Barbara Kruger created a poster bearing the phrase “Your body is a battleground” for a massive abortion rights protest known as the 1989 Women’s March on Washington. Thirty-five years later, the struggle for body autonomy remains just as relevant.
On 1 May, Florida joined a dozen other states in instituting a near-total ban on abortion. And it is into this context that a 27ft-long box truck displaying art celebrating body autonomy arrived in Miami this week. The project kicked off in September in New York as the brainchild of curators Jasmine Wahi and Rebecca Pauline Jampol. Since then, the exhibition has made its way to locations in Iowa, Missouri, California, New Mexico and Texas. At every stop, part of the installation rotates to make room for local artists and collaborators who have given talks and hosted events with the truck as a focal point.

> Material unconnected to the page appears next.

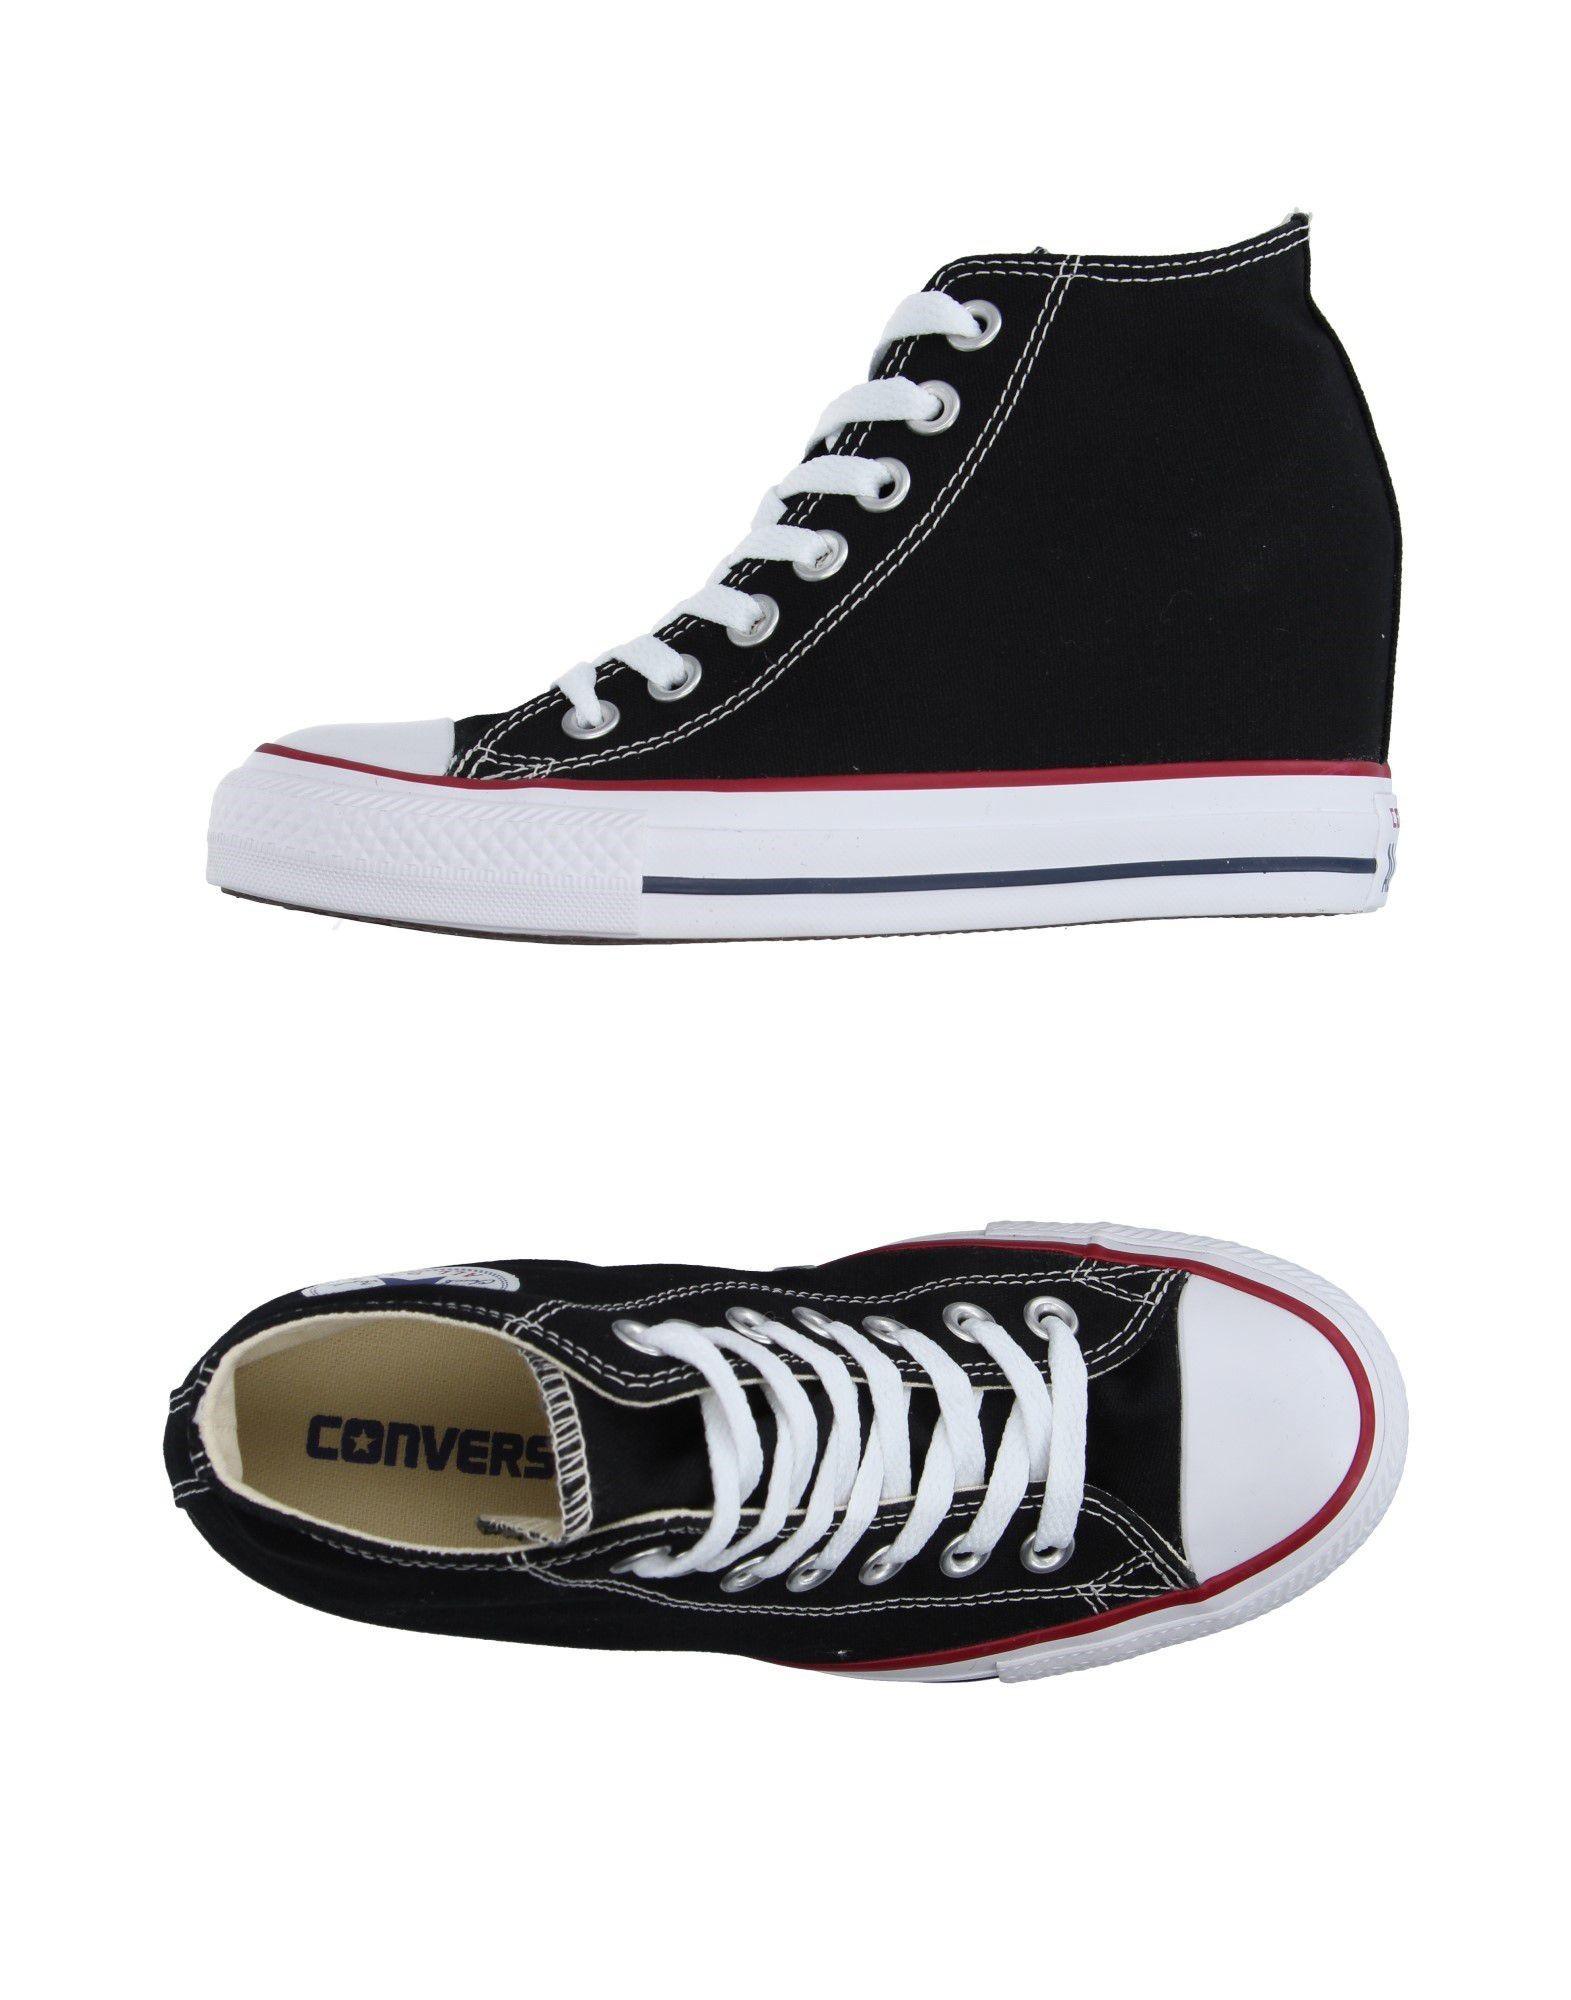 de9fdb593370 CONVERSE ALL STAR Sneakers Schwarz Damen Schuhe

In Miami, the project, titled BODY FREEDOM FOR EVERY(BODY), will set up in a different location each day. Earlier in the week it was at the New Art Dealers Alliance (Nada) fair. On Friday it will be parked at Miami Ironside in partnership with Art Mamas, a group of artist mothers. And on Sunday the truck will be parked outside the Pérez Art Museum Miami.
“It’s an end-of-the-fairs celebration and detox,” Wahi says. Several local artists’ works will be on view there, including Cornelius Tulloch, Coralina Rodriguez Meyer, Rachel Lee Hovnanian and Terrell Villiers. The event is co-hosted by Commissioner, a Miami-based group for patrons supporting living artists.
The organisers plan to continue their national tour in 2025, and the project will also exist in the form of a website archiving documentation of the panel discussions and artist talks, and compiling art related to body autonomy, reproductive rights, queer liberation and trans joy.
Many of the participating artists have works on view at this week’s fairs. At Art Basel Miami Beach, Sprüth Magers is showing pieces by Kruger, including the video Pledge,Will,Vow (1988/2020). Despite the familiarity of her aesthetic, something is still unsettling about her work, and the organisers of BODY FREEDOM FOR EVERY(BODY) say the truck has attracted stares and even some middle fingers from passersby during its cross-country drive. But, they add, the prevailing tone of the response has been one of respect and inspiration.
Kruger herself chose the “Battleground” work for the project. “Bringing it back to life in 2024 in such a large-scale way,” Jampol says, is “about the intergenerational conversation between the younger folks who are viewing this for the first time, and it creates a platform to have an intersectional dialogue about body freedom”.